▸ Exercise brief:
I'd like the data beneath this line reproduced exactly, without any of its images.

▸ Source data:
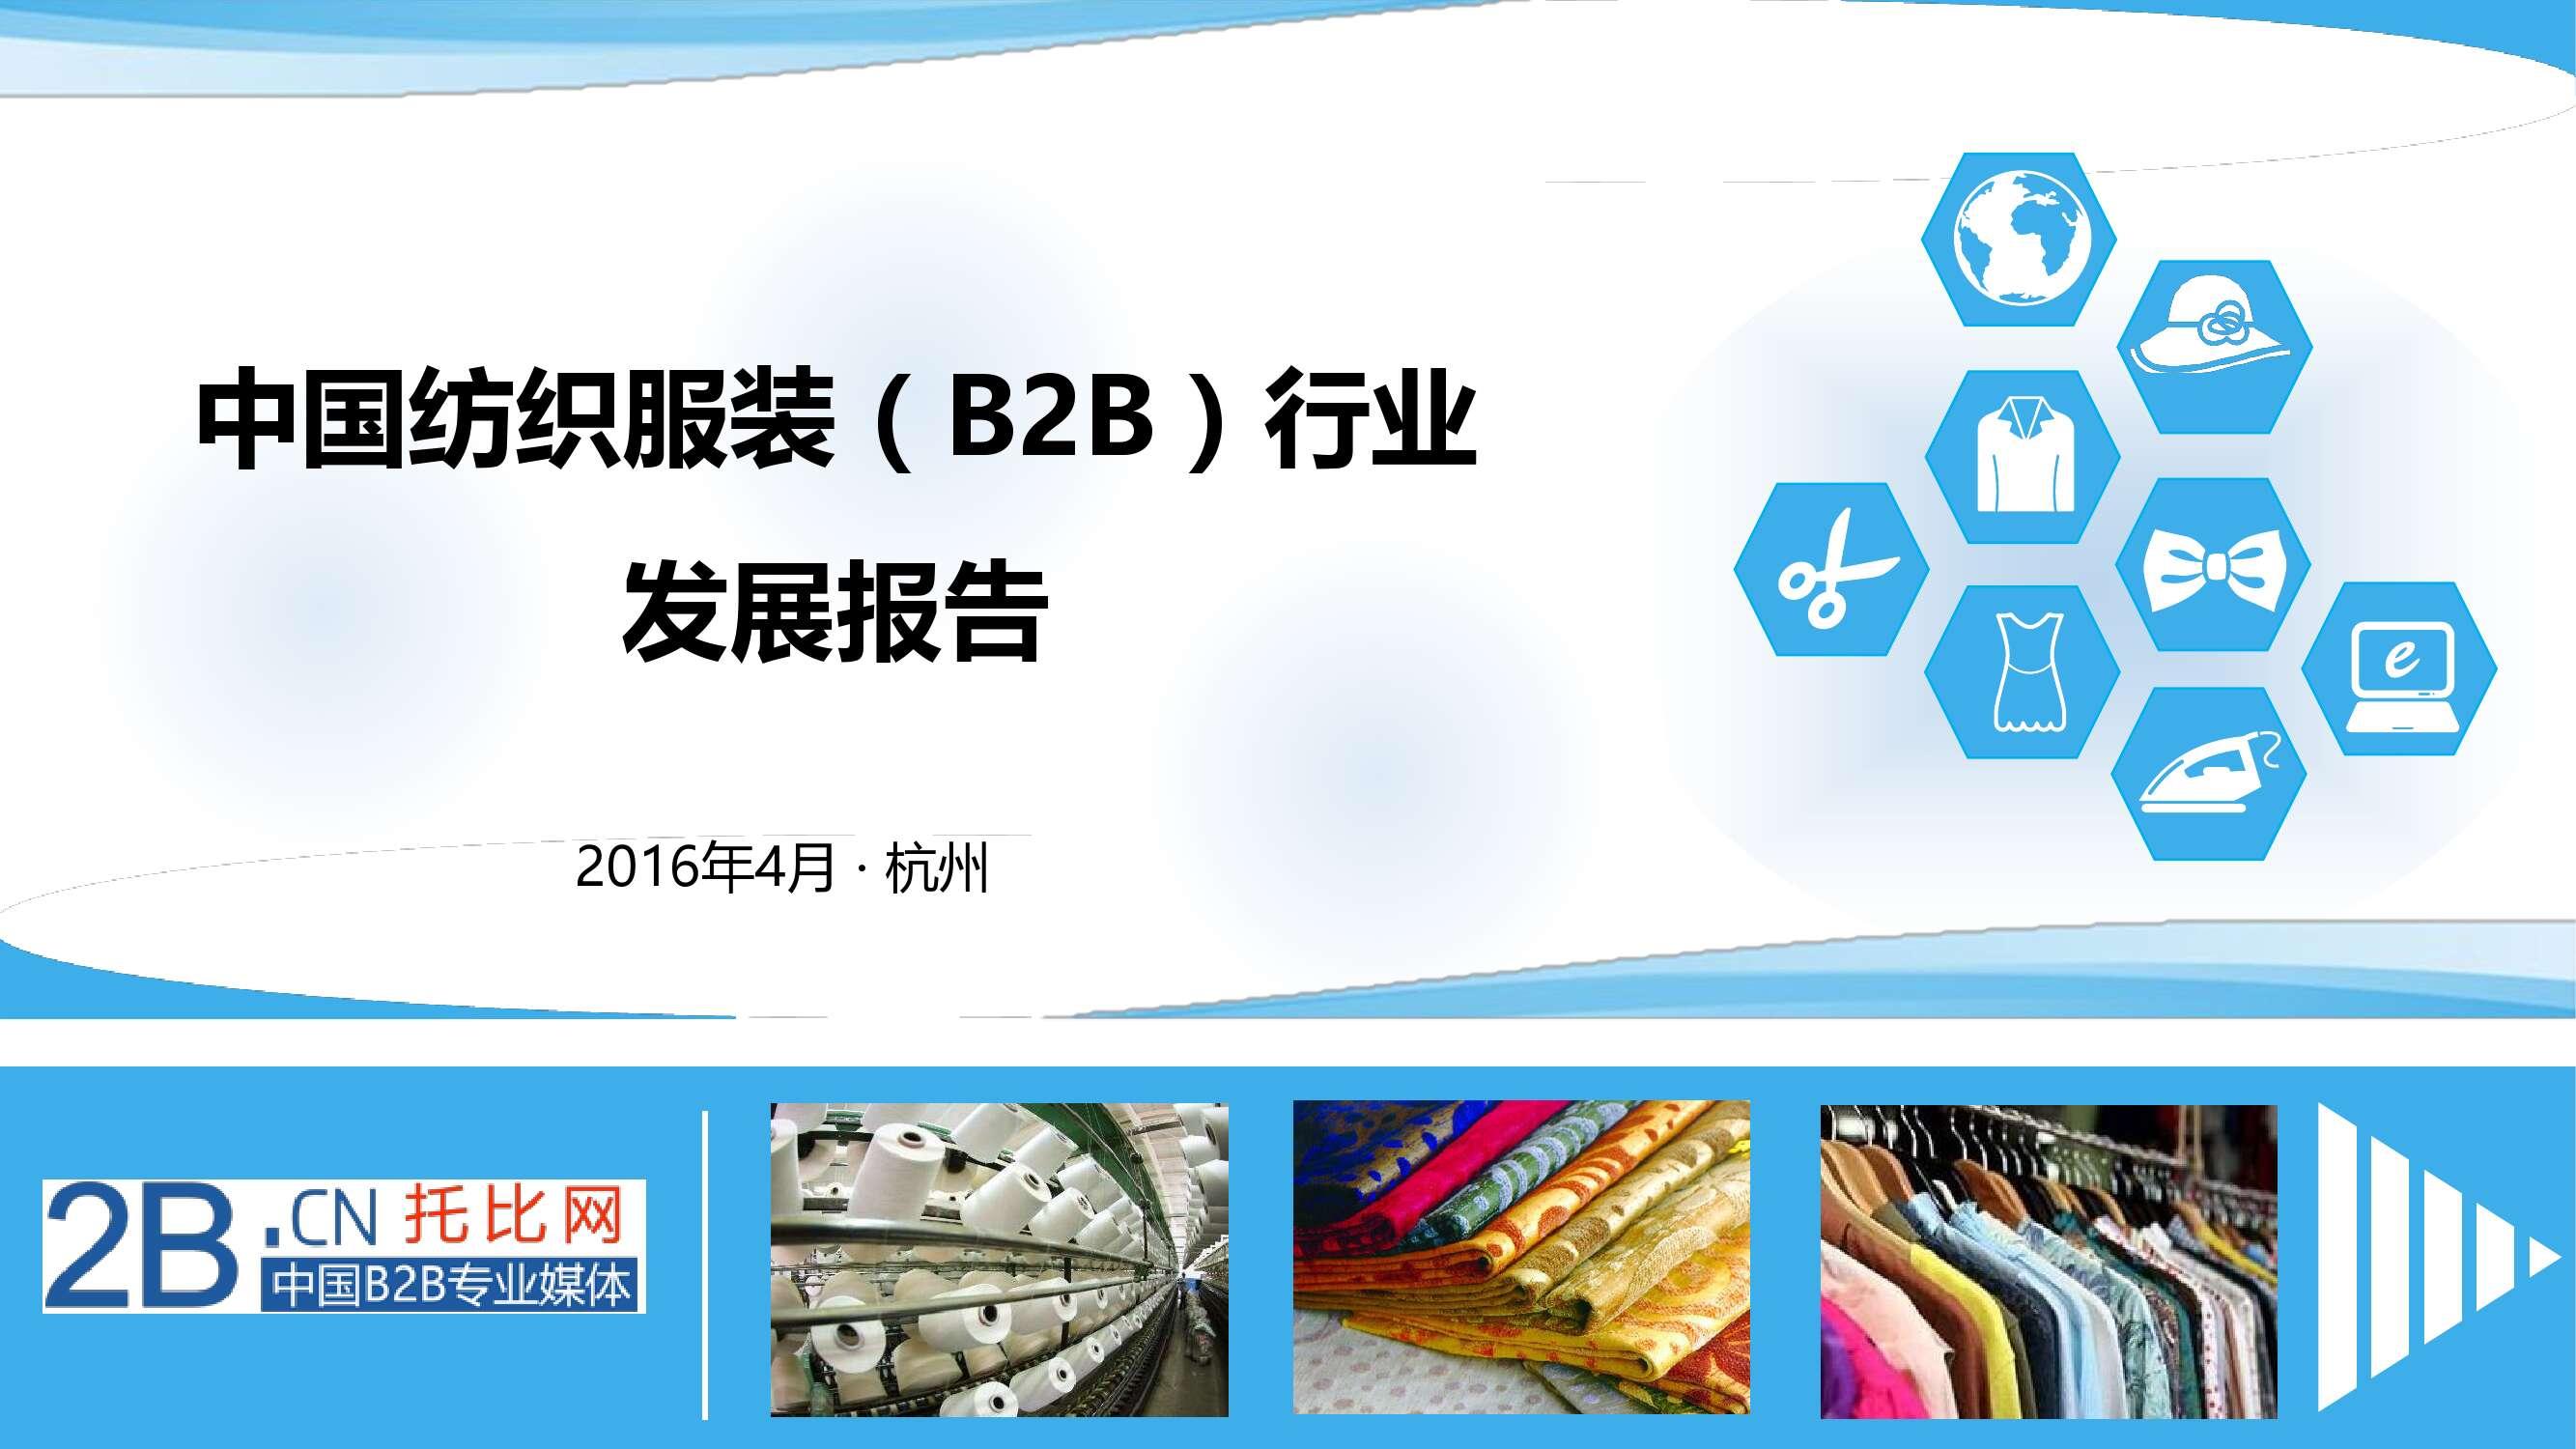 2015年中国纺织服装B2B行业发展报告_000001
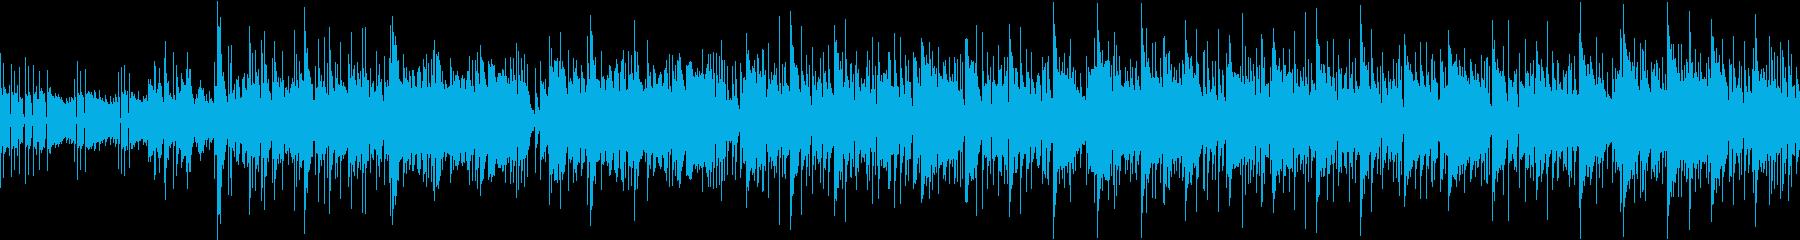 スラップベースが主張している曲の再生済みの波形
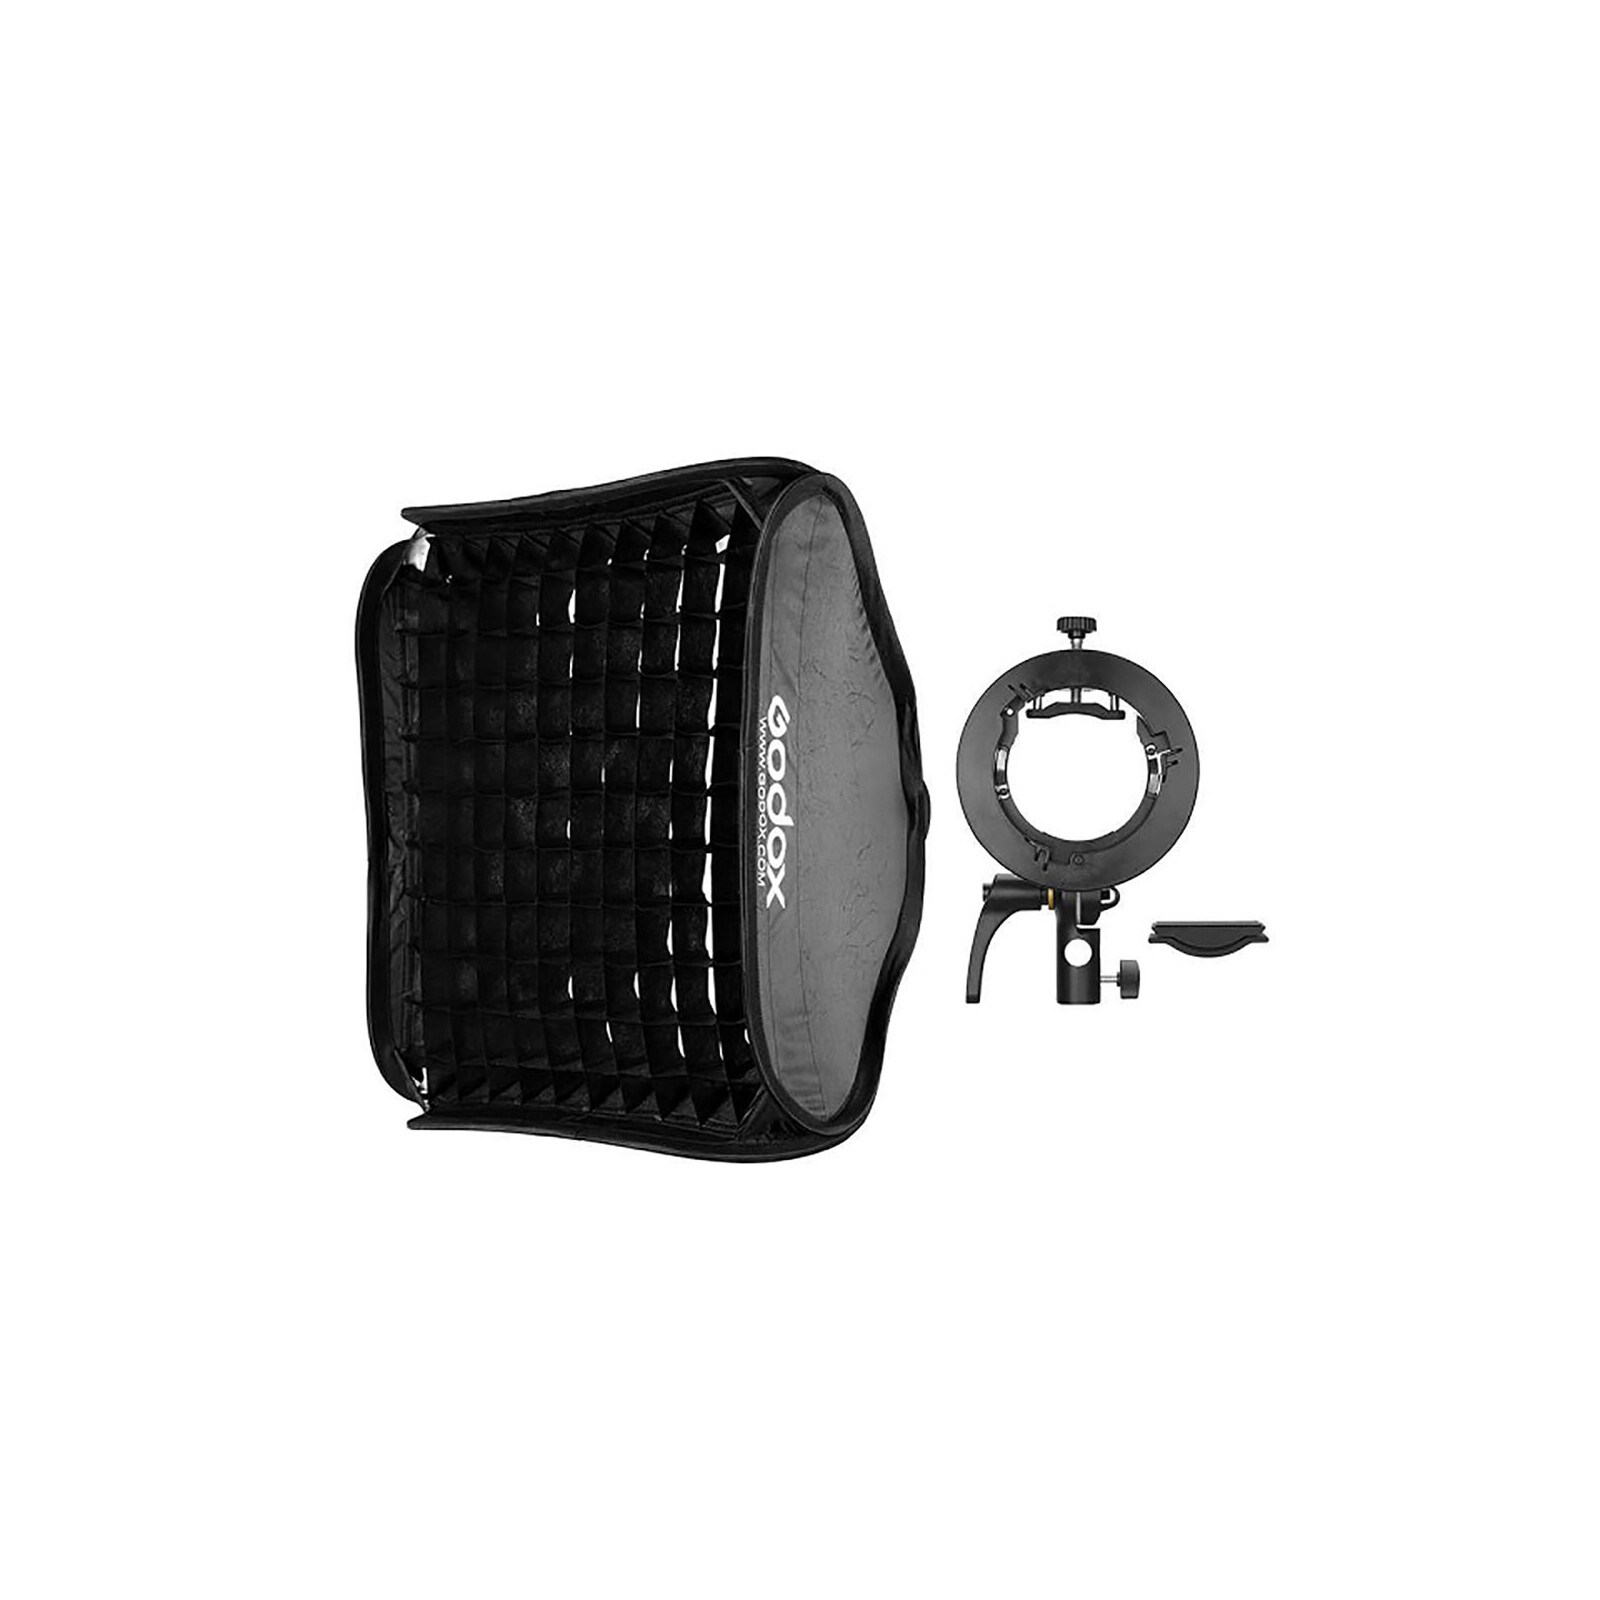 GODOX Grid Softbox 60x60 cm inkl. S2 Bracket & Tasche
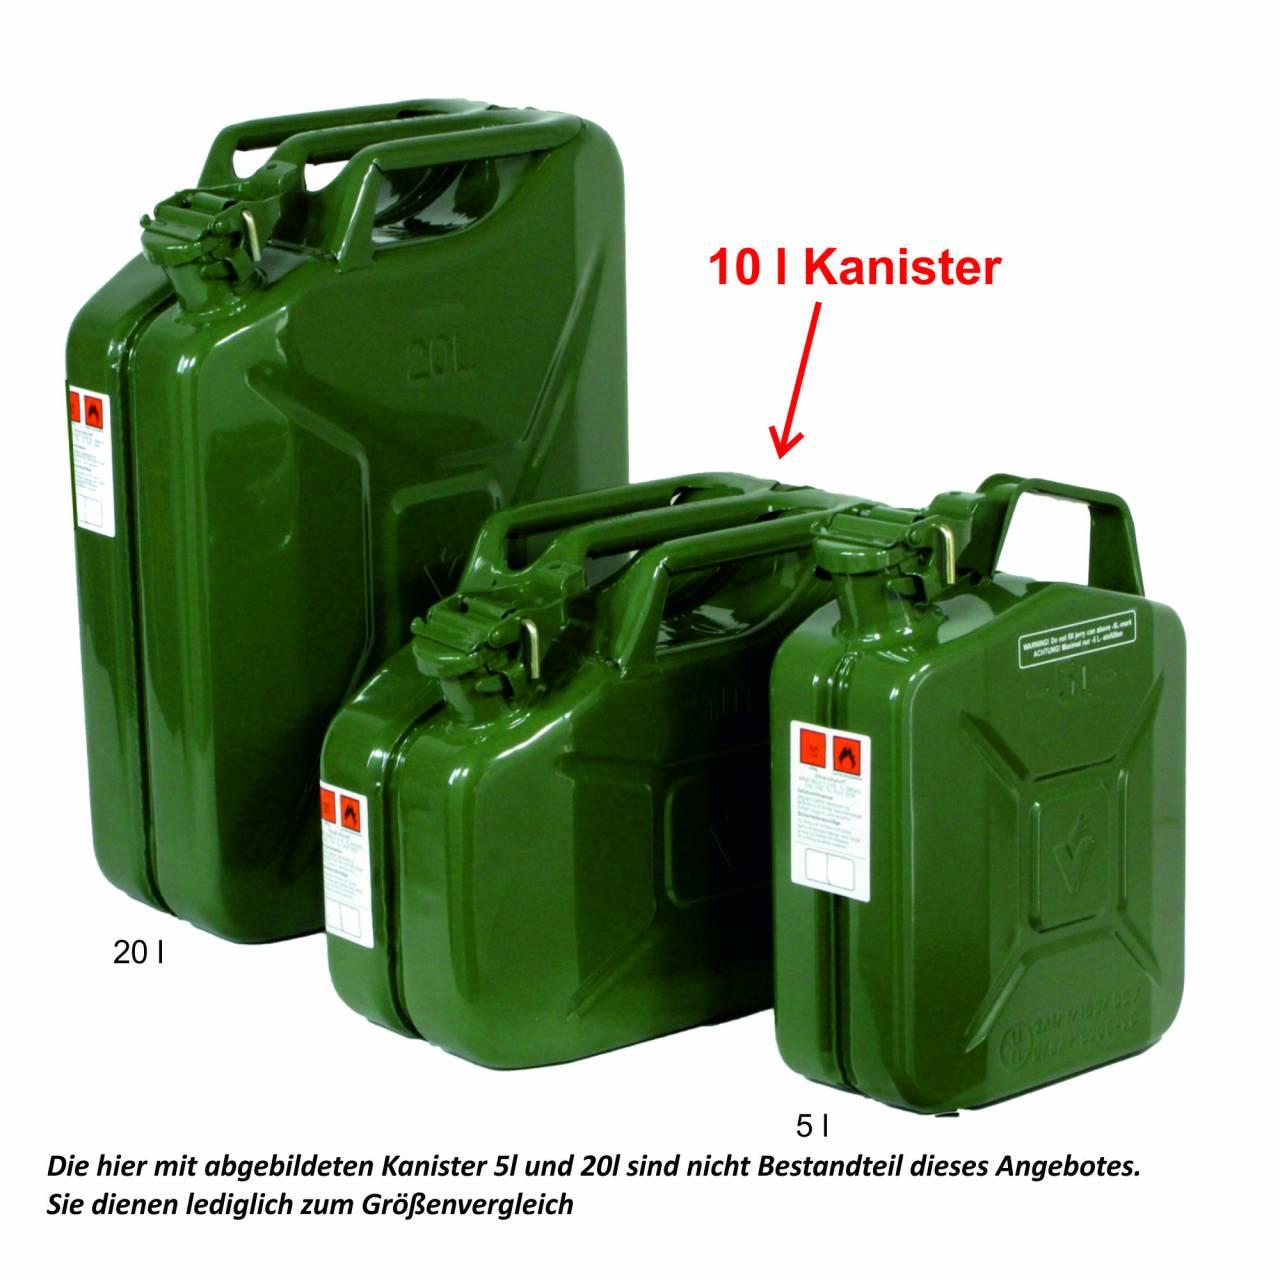 Benzinkanister 10 Liter, TÜV-Bauartprüfung/UN-Zulassung

▸ Result of the task:
 2015年中国纺织服装B2B行业发展报告_000001
 スラップベースが主張している曲の再生済みの波形
 GODOX Grid Softbox 60x60 cm inkl. S2 Bracket & Tasche
 Benzinkanister 10 Liter, TÜV-Bauartprüfung/UN-Zulassung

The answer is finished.